Instructions to follow. In the listing below, find the line with "Embassy Suites by Hilton Sarasota Pool" and the line with "Jogo De Cozinha", then return them and every line between them exactly, minus the pictures.

Start of Stored data

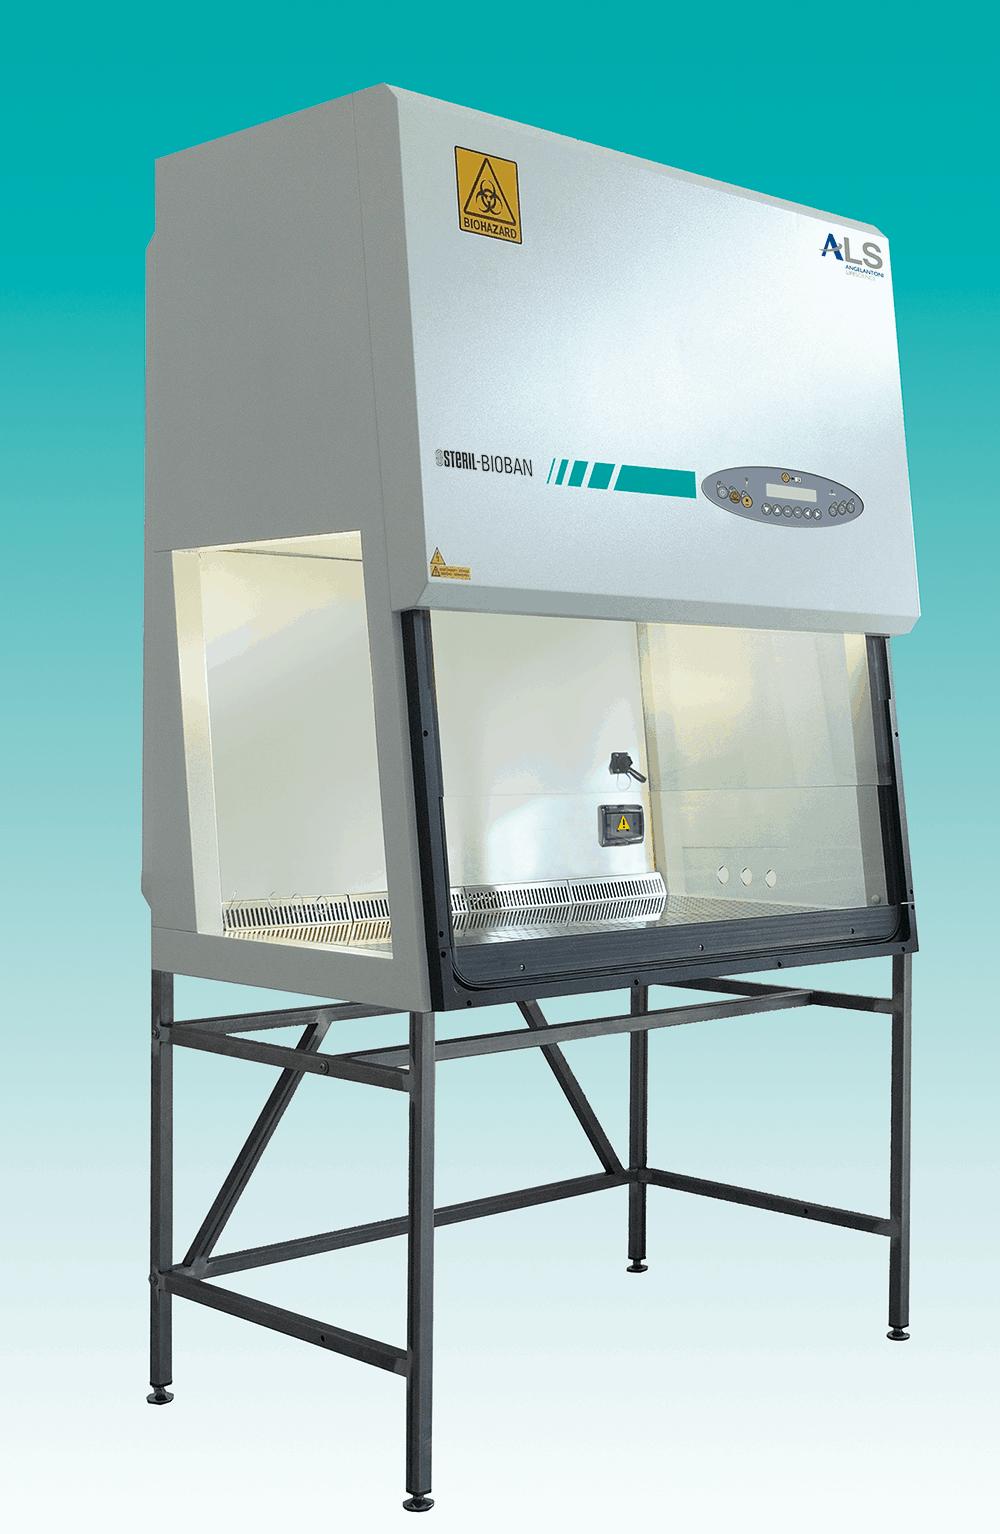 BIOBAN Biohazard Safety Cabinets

End of Stored data
Start of Stored data

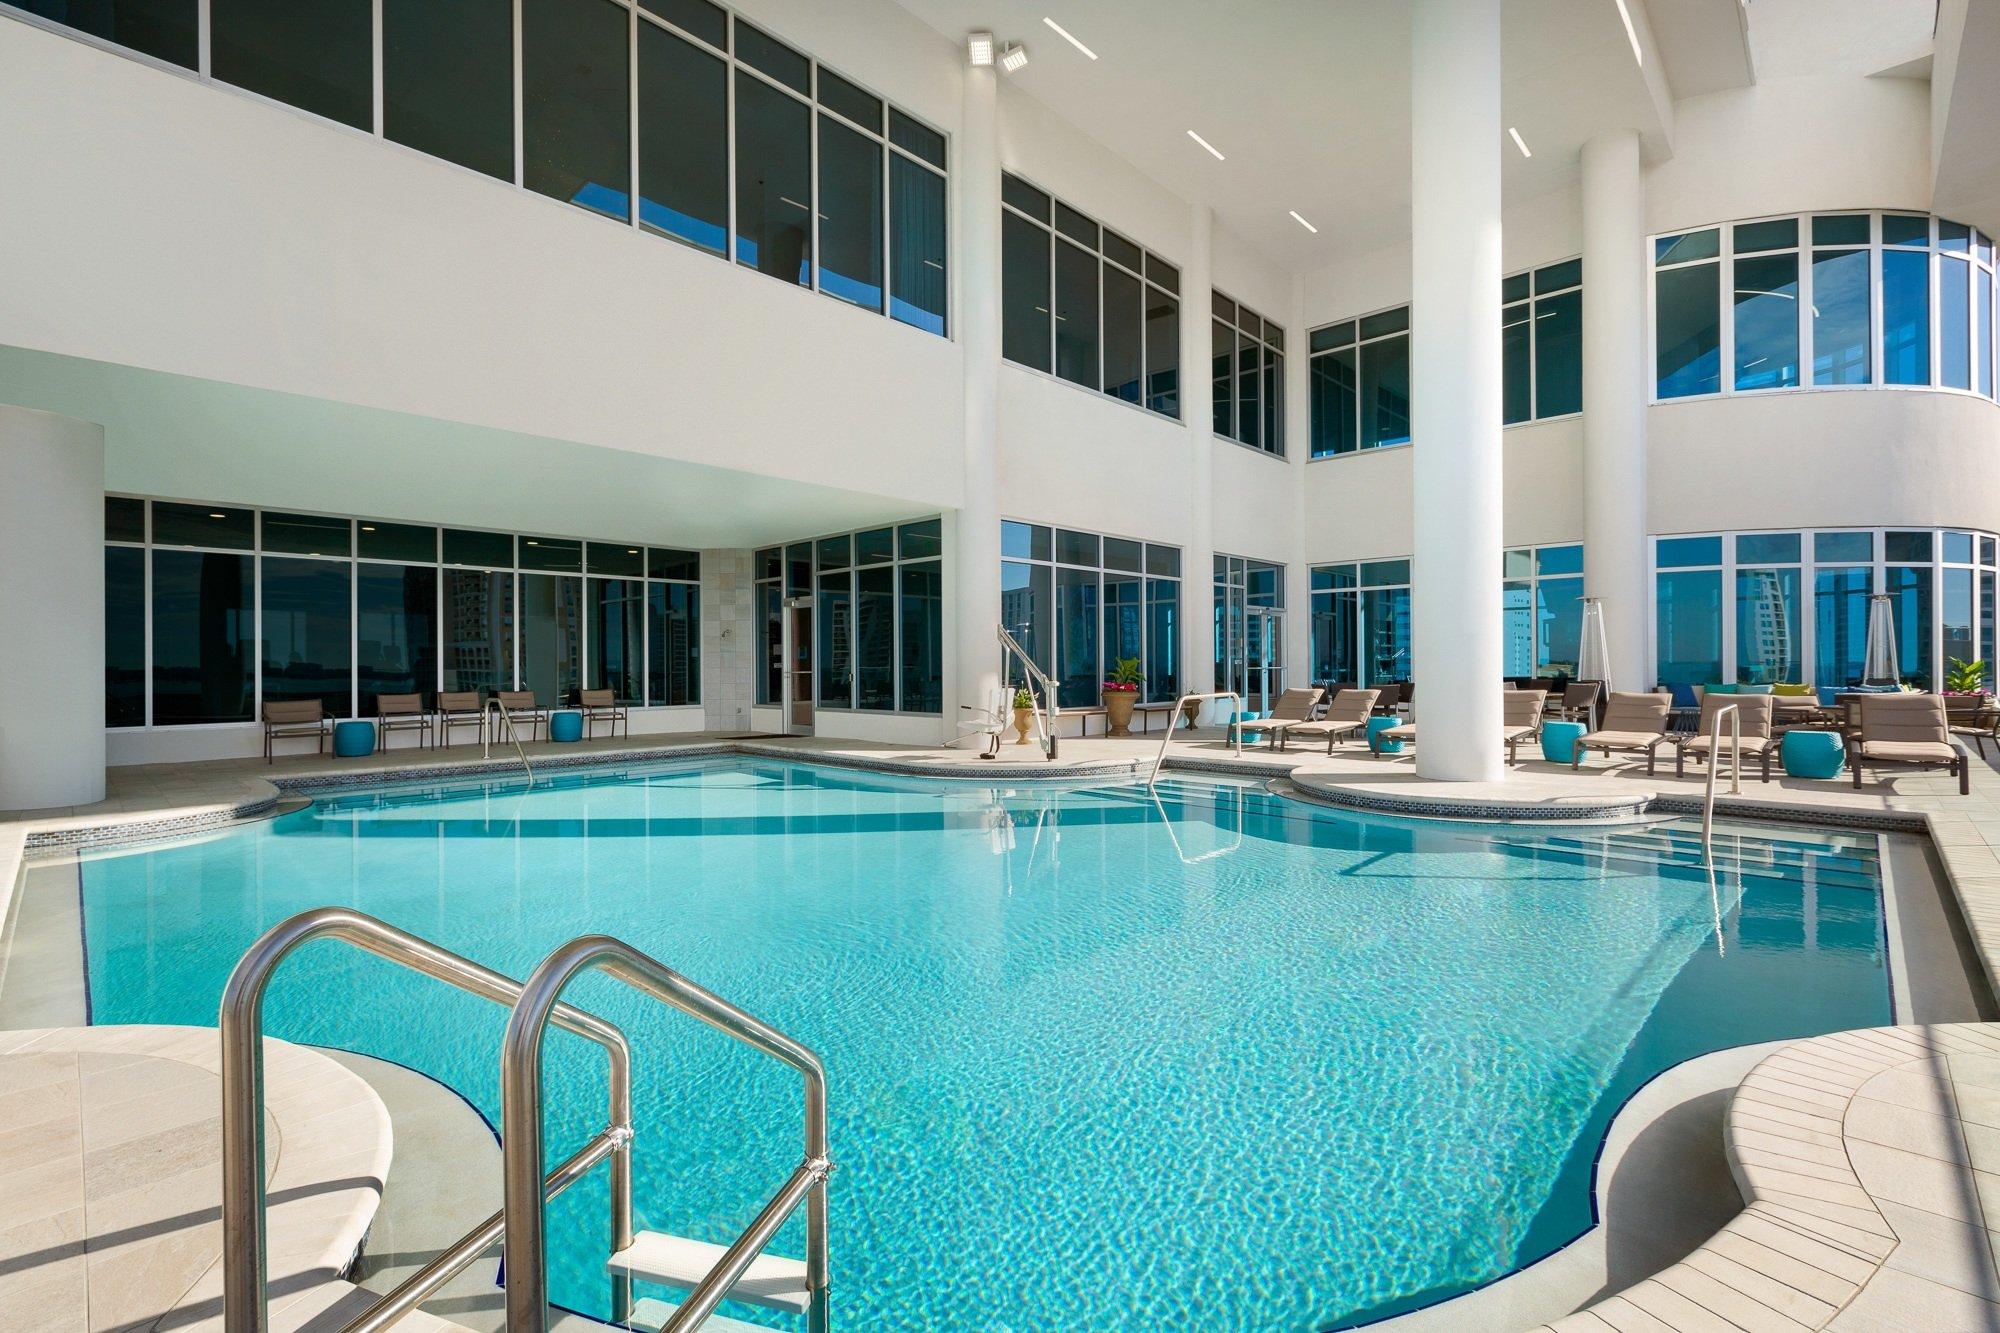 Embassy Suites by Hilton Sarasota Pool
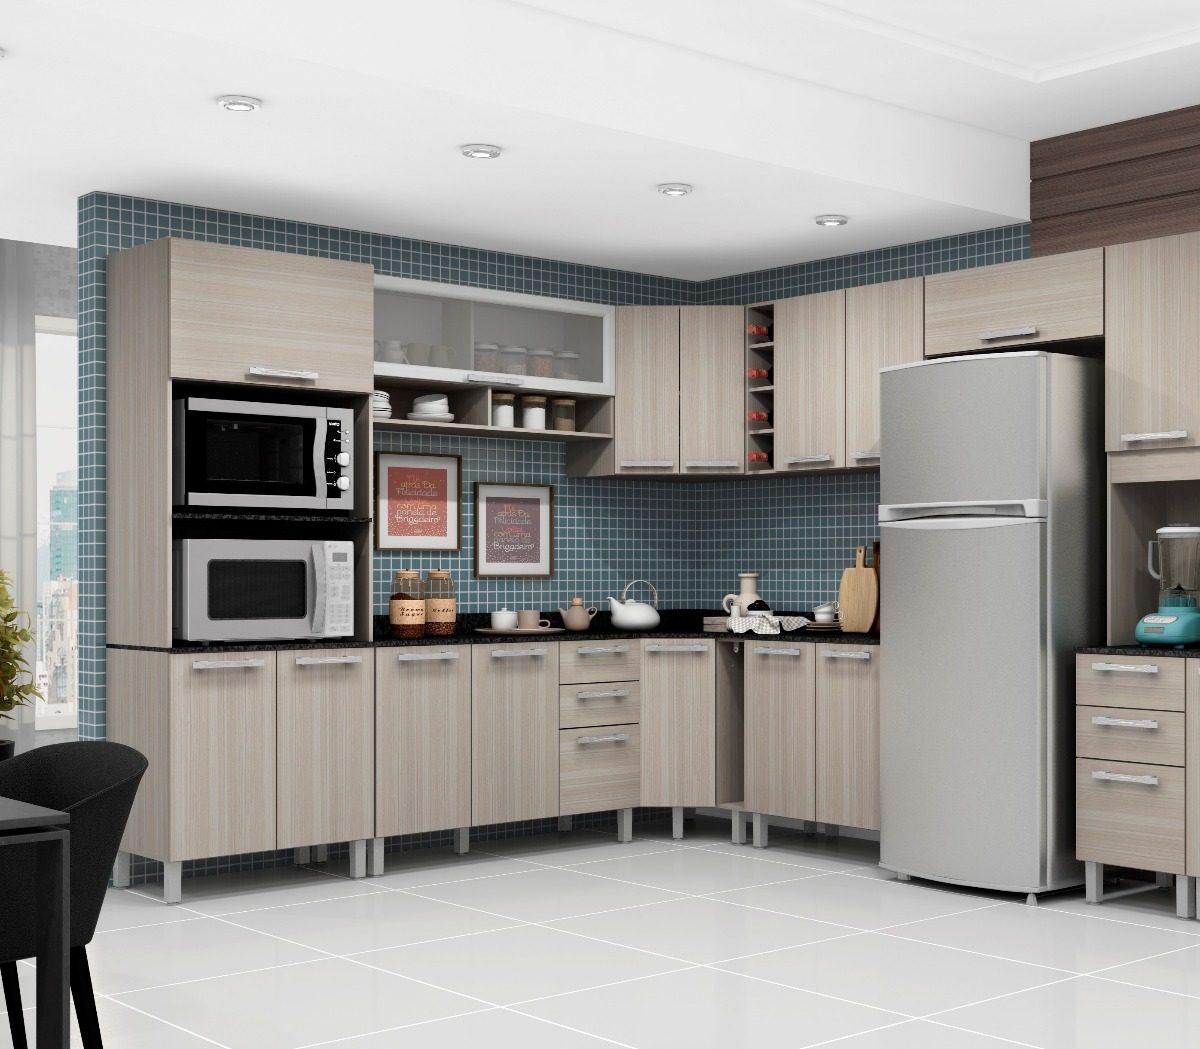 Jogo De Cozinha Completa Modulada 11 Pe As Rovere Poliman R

End of Stored data
Start of Stored data

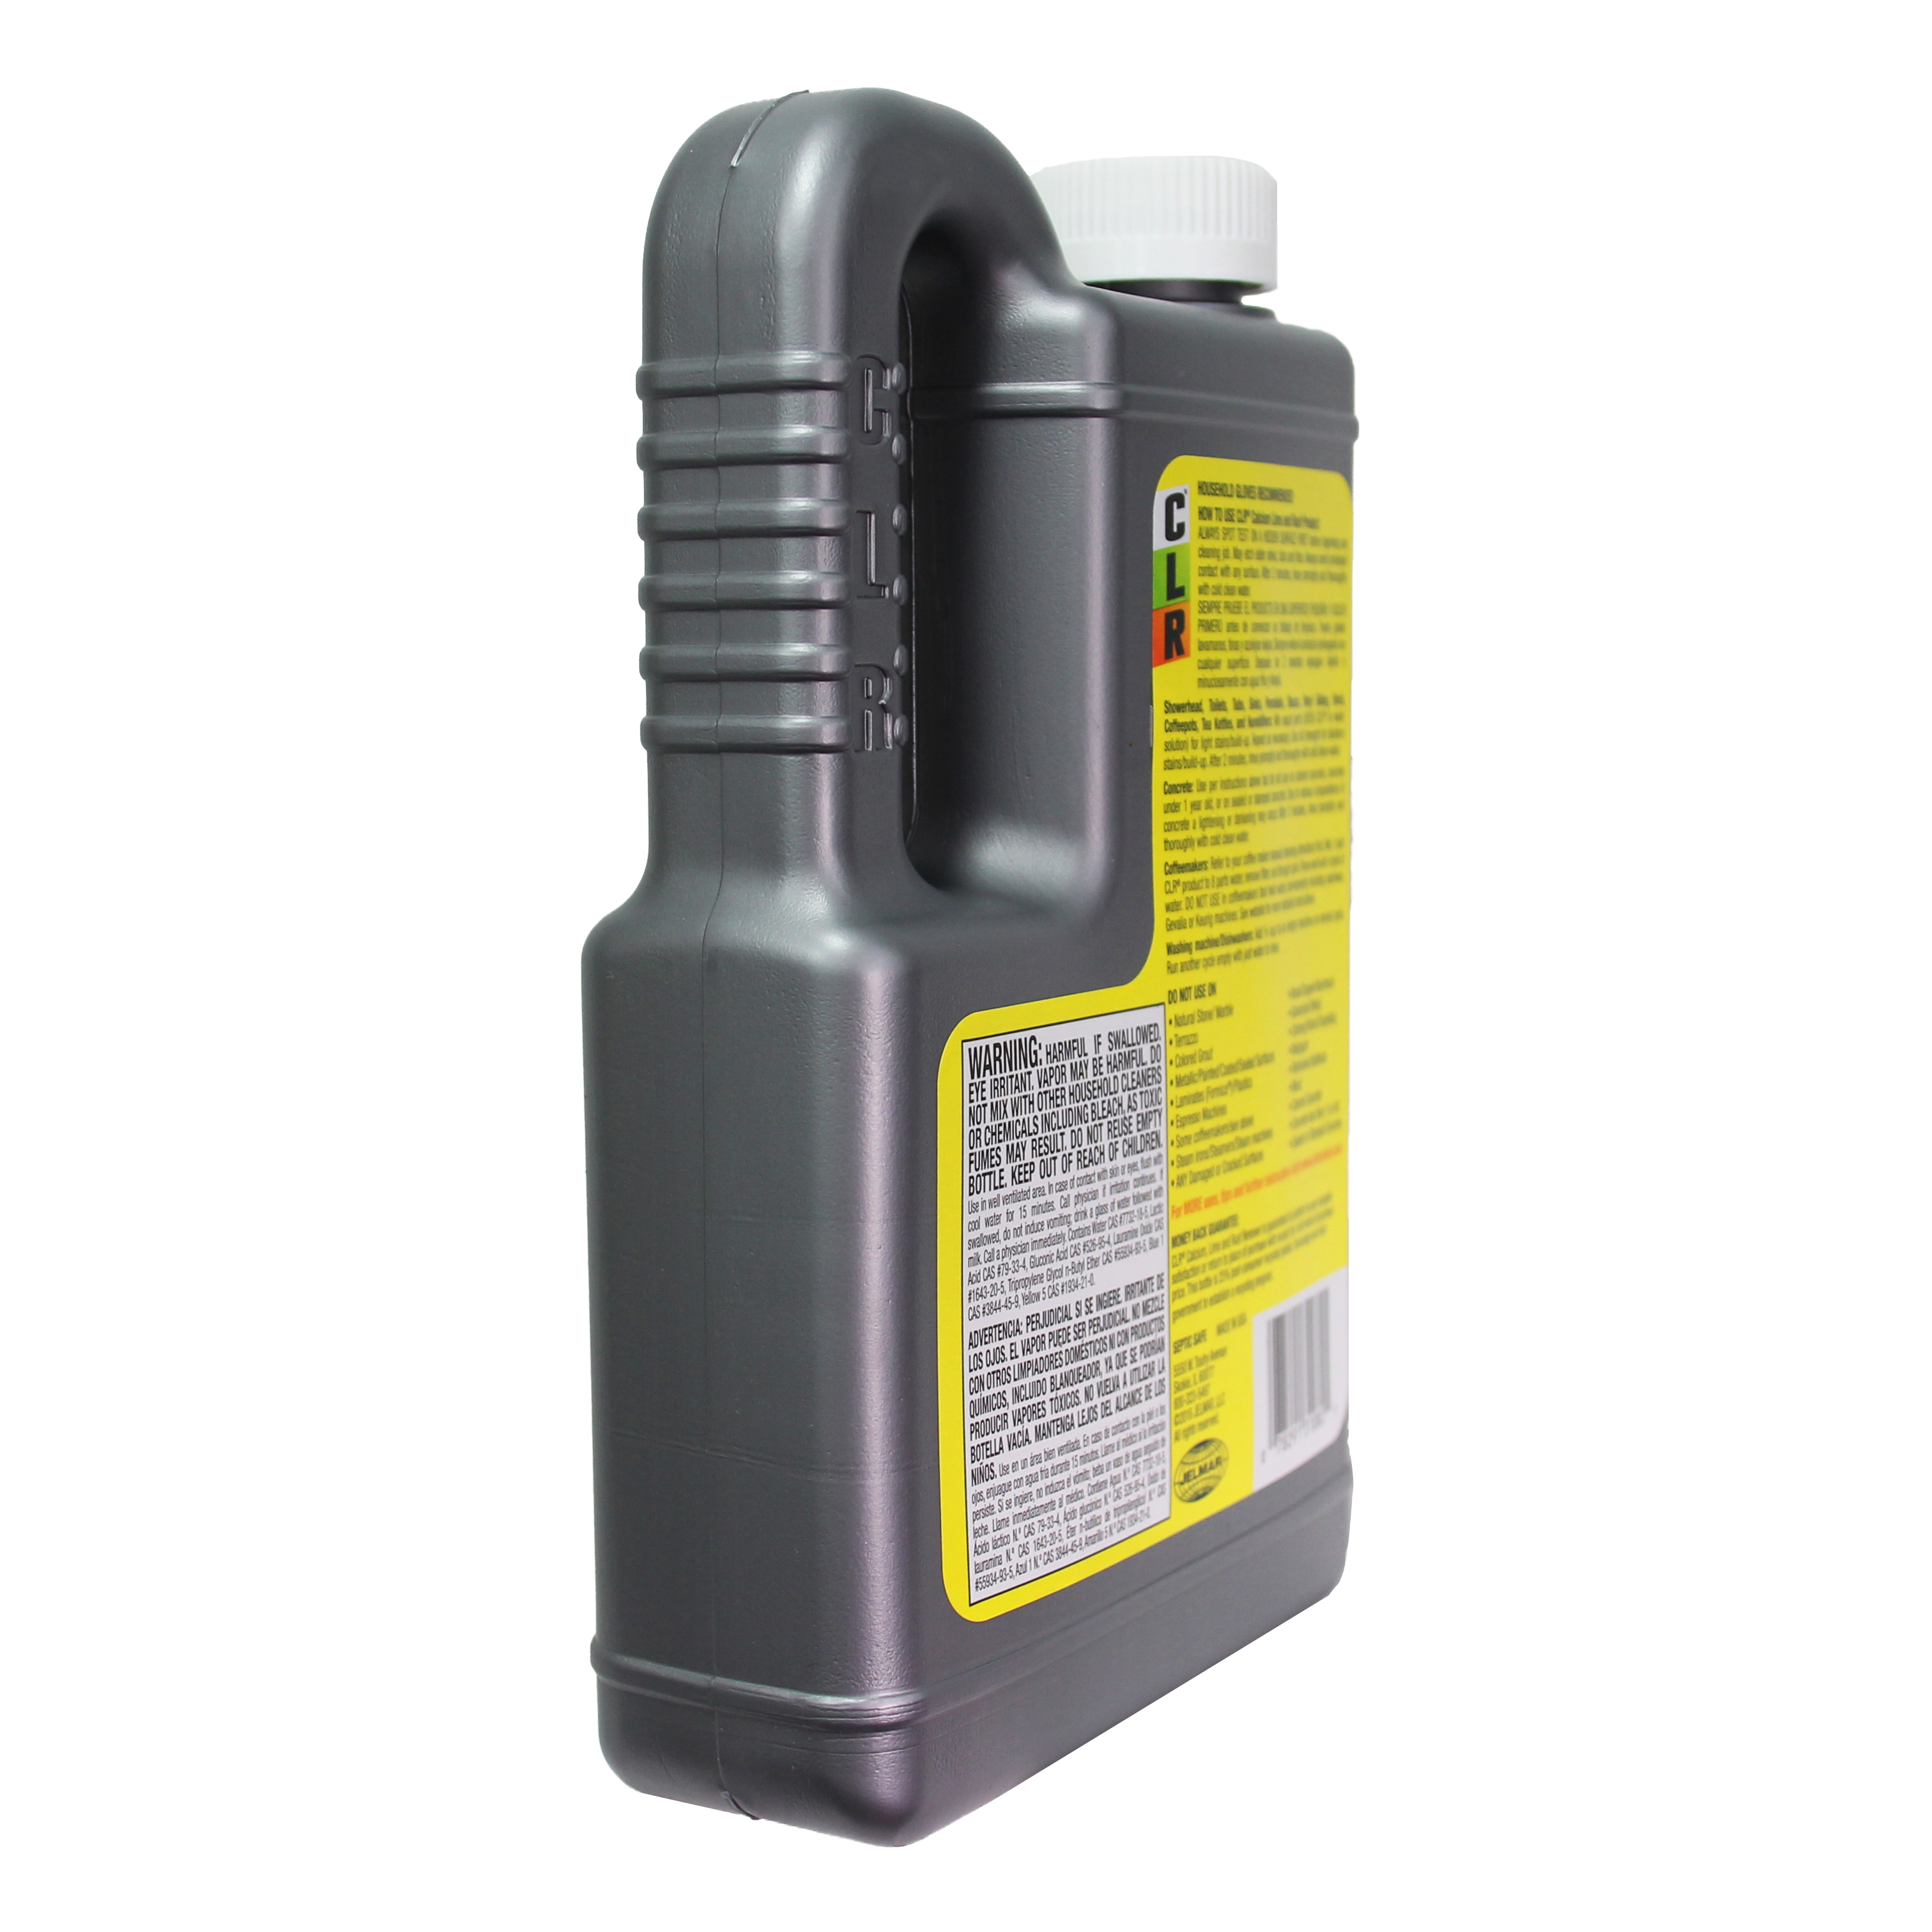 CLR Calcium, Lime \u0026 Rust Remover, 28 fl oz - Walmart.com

End of Stored data

Solution for this exercise.
 Embassy Suites by Hilton Sarasota Pool
 Jogo De Cozinha Completa Modulada 11 Pe As Rovere Poliman R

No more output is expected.